В 1724 году надежды герцога особенно окрылились; он с нетерпением ждал коронации Екатерины, твёрдо веруя с своими голштинцами, что одновременно с нею объявят его обручение. Надежды эти поддерживал Монс. Голштинцы умели снискать приязнь фаворита, что им, как немцам, было нетрудно; Монса и Балка принимали они с почётом, герцог дарил как их, так и Матрёну Ивановну золотыми табакерками, лентами, собаками и т. п. игрушками, насколько то позволял его скудный достаток; ходатайству Монса надо приписывать то, что Екатерина также являла чувство любви и расположения к герцогу, посылала ему время от времени подарки и вообще смотрела на него несравненно милостивее и была к нему внимательнее, нежели государь.
Льстя себя надеждой, что время осуществления его желания близко, экс-жених с января 1724 года решился познакомиться с русским языком. Учителем его был переводчик швед; но, кажется, на первых уроках занятия остановились, по крайней мере аккуратный Берхгольц не говорит далее о них ни слова. Да и до ученья ли было человеку, которого, как сам он рассказывал, с малолетства ещё отучили от всякого ученья бессмысленным заучиванием кучи предметов; до ученья ли было тому, кто каждый день, не зная чем убить время, волновал себя мечтами: состоится или не состоится соблазнительно выгодное для него сватовство? Но кто же его невеста? А ему всё равно — Анна или Елизавета; последняя даже больше ему нравится, но всё равно он готов, по первому указанию государя, воспылать страстью к любой из его дочерей, а пока он одинаково нежно целует им ручки и отвешивает глубочайшие поклоны.
3 февраля 1724 года, в день ангела Анны Петровны, на обеде и на бале государь был очень ласков с её величеством: этого было довольно, чтоб дать надежду голштинцам, бывшим тут же с герцогом, что-де в этот день будет объявлено что-нибудь положительное о браке Карла Фридриха. «Но увы! Ожидания наши не сбылись, — так писал по возвращении домой Берхгольц, — и теперь остаётся только надеяться, что авось наконец в коронацию, с Божиею помощью, всё приведено будет к желанному окончанию».
За справками, обнадёживаниями, вообще для переговоров по этому и другим делам, голштинцы обращались к Монсу. Так, между прочим, 17 февраля 1724 года обер-камергер герцога, граф Бонде, отправился к Монсу, чтоб узнать, когда его королевскому высочеству можно будет приехать проститься с государыней по случаю её отъезда в Москву. Камер-юнкер сам явился к герцогу с извинением от государыни, что проститься теперь она не может, причём Екатерина посылала поклон и соболью шубу в 1500 рублей. Герцог поспешил отдарить посланного золотой табакеркой.

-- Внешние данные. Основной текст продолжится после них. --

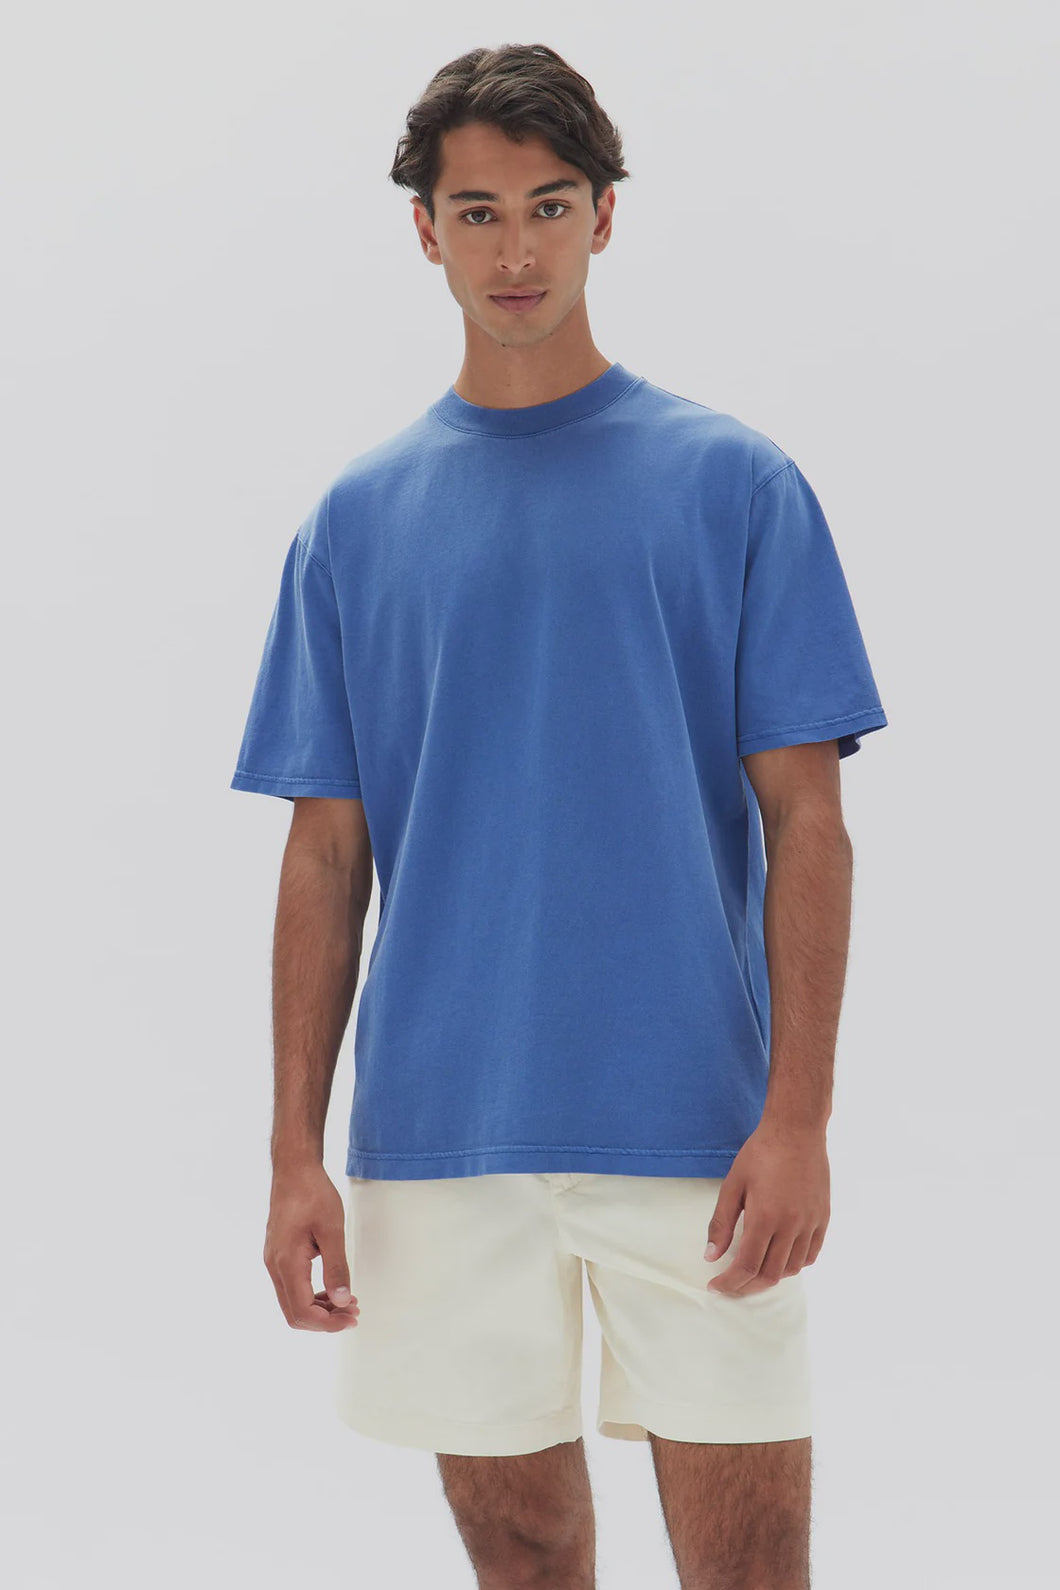 ASSEMBLY LABEL - KNOX ORGANIC OVERSIZED TEE - ROYAL

Прошёл февраль, кончался март, двор давно гостил в Москве, шли оживлённые приготовления к коронации, но об обручении герцога со стороны государя не было и помину. Тщетно на пирушках Карл Фридрих провозглашал тосты с понятными для всех намёками на его желания; государь отвечал на них весьма охотно и смеялся над ними. Тосты эти были: «за успех всего хорошего», «за желания и надежды наши»; «весна приносит розы», «чем скорее, тем лучше» и т. п.
Тост «чем скорее, тем лучше» герцог провозгласил не иначе, как предварительно посоветовавшись с Ягужинским. Последний сказал о том на ухо императору, который отвечал на своём голландском языке: «Почему же нет?» — И тотчас же сам потребовал стакан вина.
Наконец наступил день коронации; кончились торжества. Герцог в нетерпеливом ожидании встречал каждый день; вдруг 21 мая 1724 г. узнал он, и то совершенно случайно, что императорские принцессы непременно выедут из Москвы в Петербург в будущий вторник. Это было ему очень неприятно, потому что как сам он, так и почти вся Москва (без сомнения, только в воображении голштинцев) считали за верное, что в день рождения императора, т. е. 30 мая, будет сделано что-нибудь в пользу его высочества.
«Теперь, — восклицал Берхгольц, — все наши надежды разрушатся этим внезапным отъездом!»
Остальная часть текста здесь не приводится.